■ **Aim of the exercise**:
Everything below from the line with "Sora Kingdom Hearts Lineart : Sora art kh" through the line with "Lemon Jelly Aisha" should be copied exactly, and nothing else; leave out the pictures.

■ **Recorded information**:

++++++

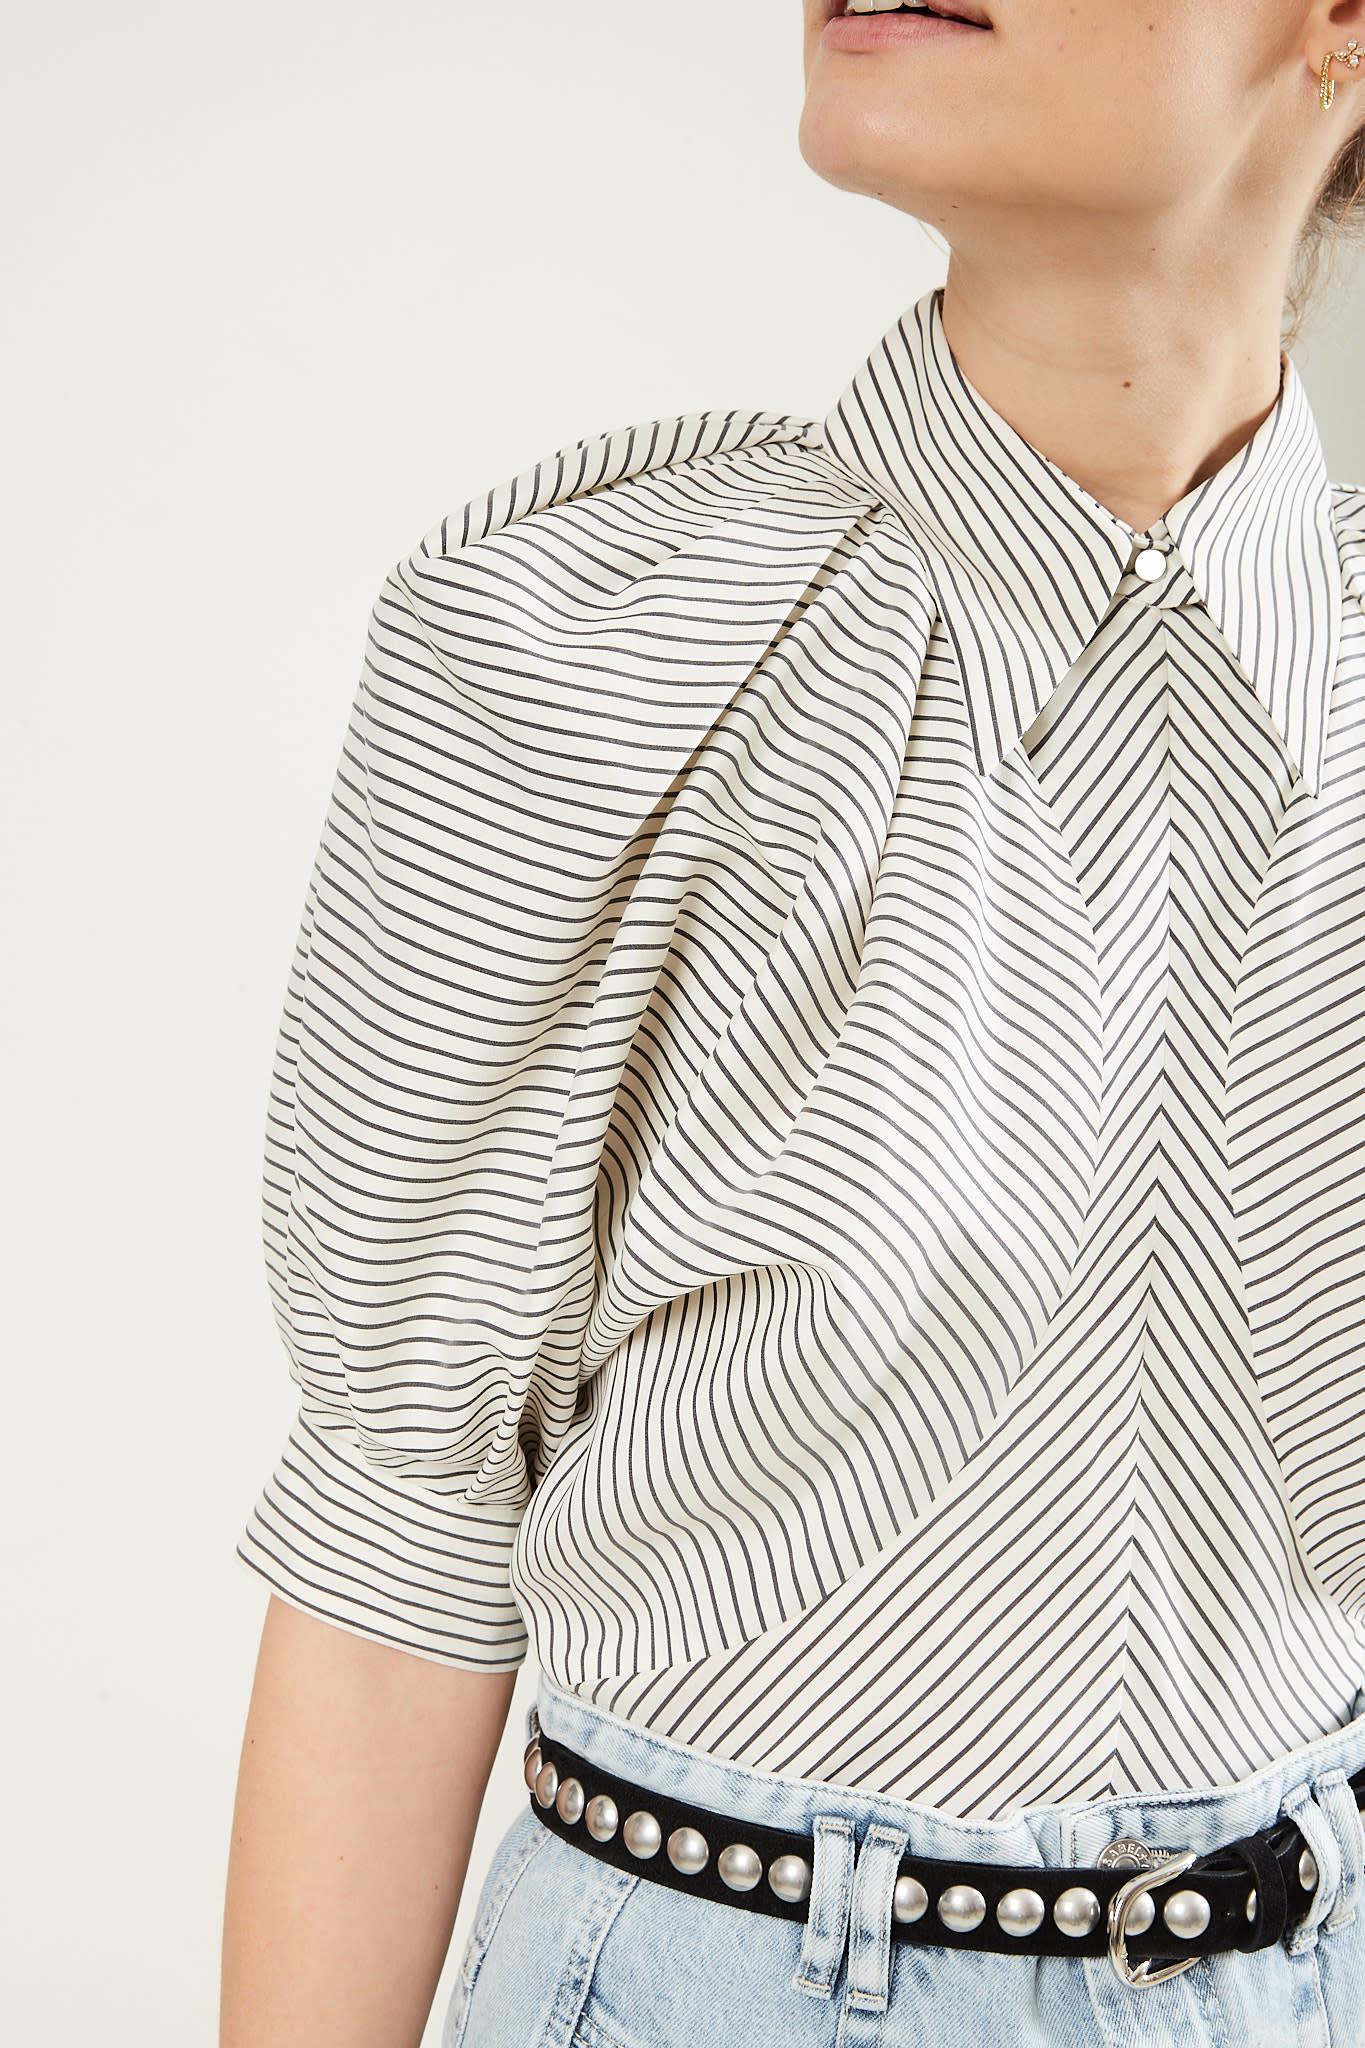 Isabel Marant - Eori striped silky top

++++++

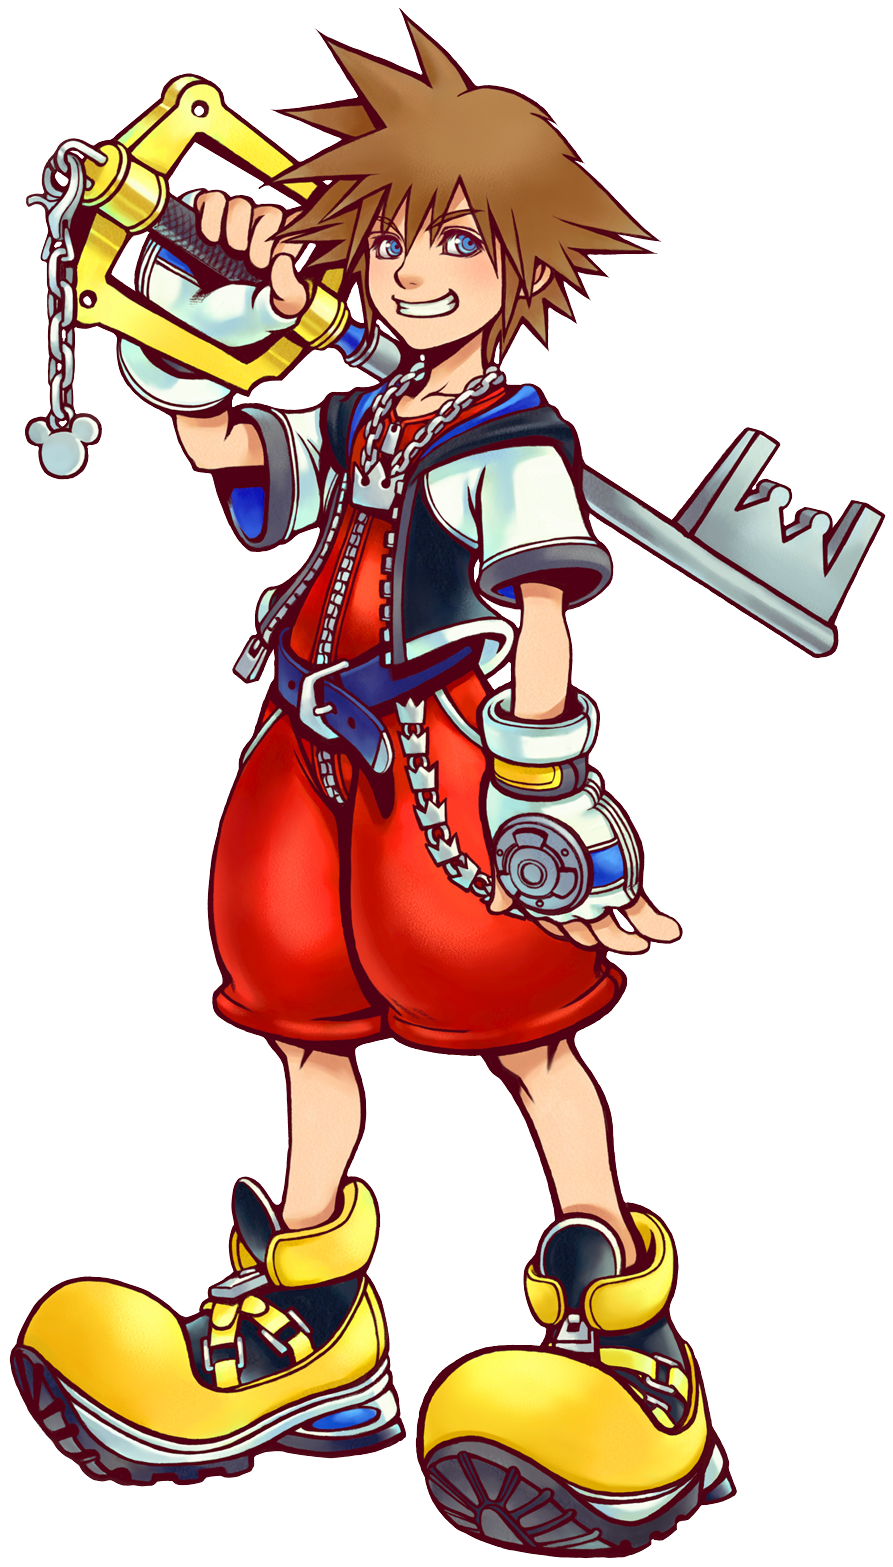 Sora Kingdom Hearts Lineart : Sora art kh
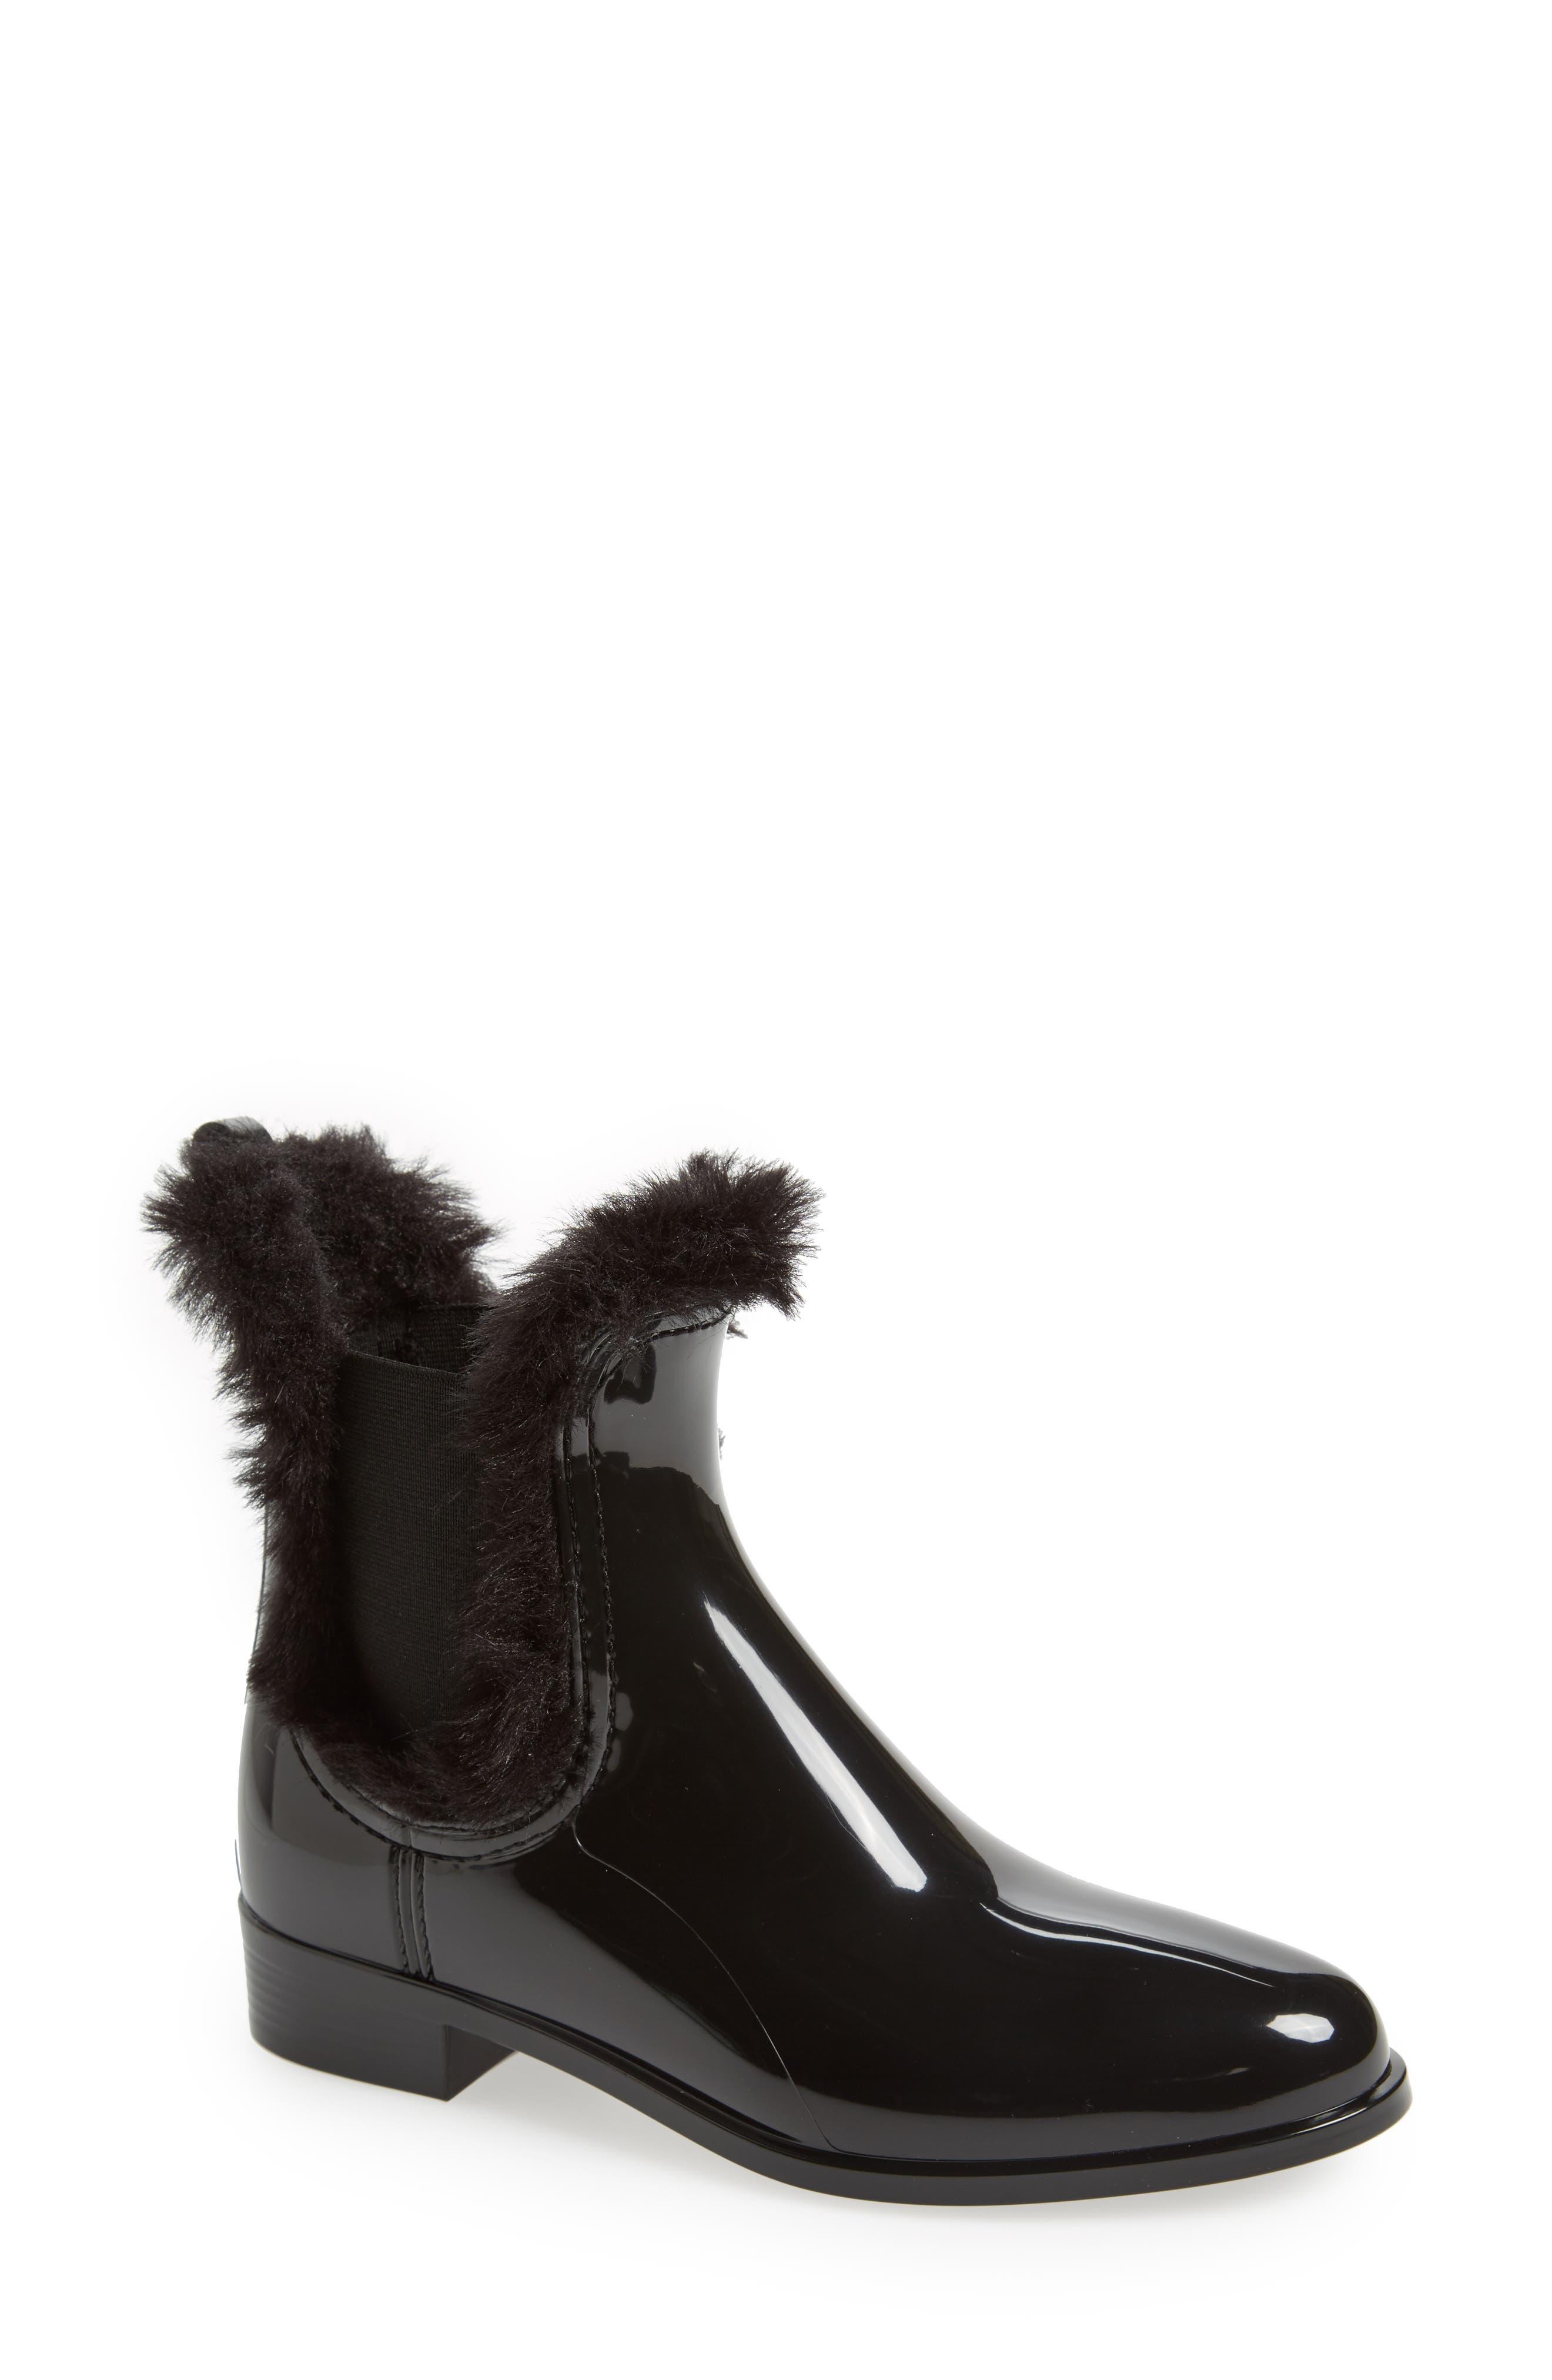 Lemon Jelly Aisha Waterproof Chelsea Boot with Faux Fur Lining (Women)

++++++

■ **Output of the task**:
 Sora Kingdom Hearts Lineart : Sora art kh
 Lemon Jelly Aisha Waterproof Chelsea Boot with Faux Fur Lining (Women)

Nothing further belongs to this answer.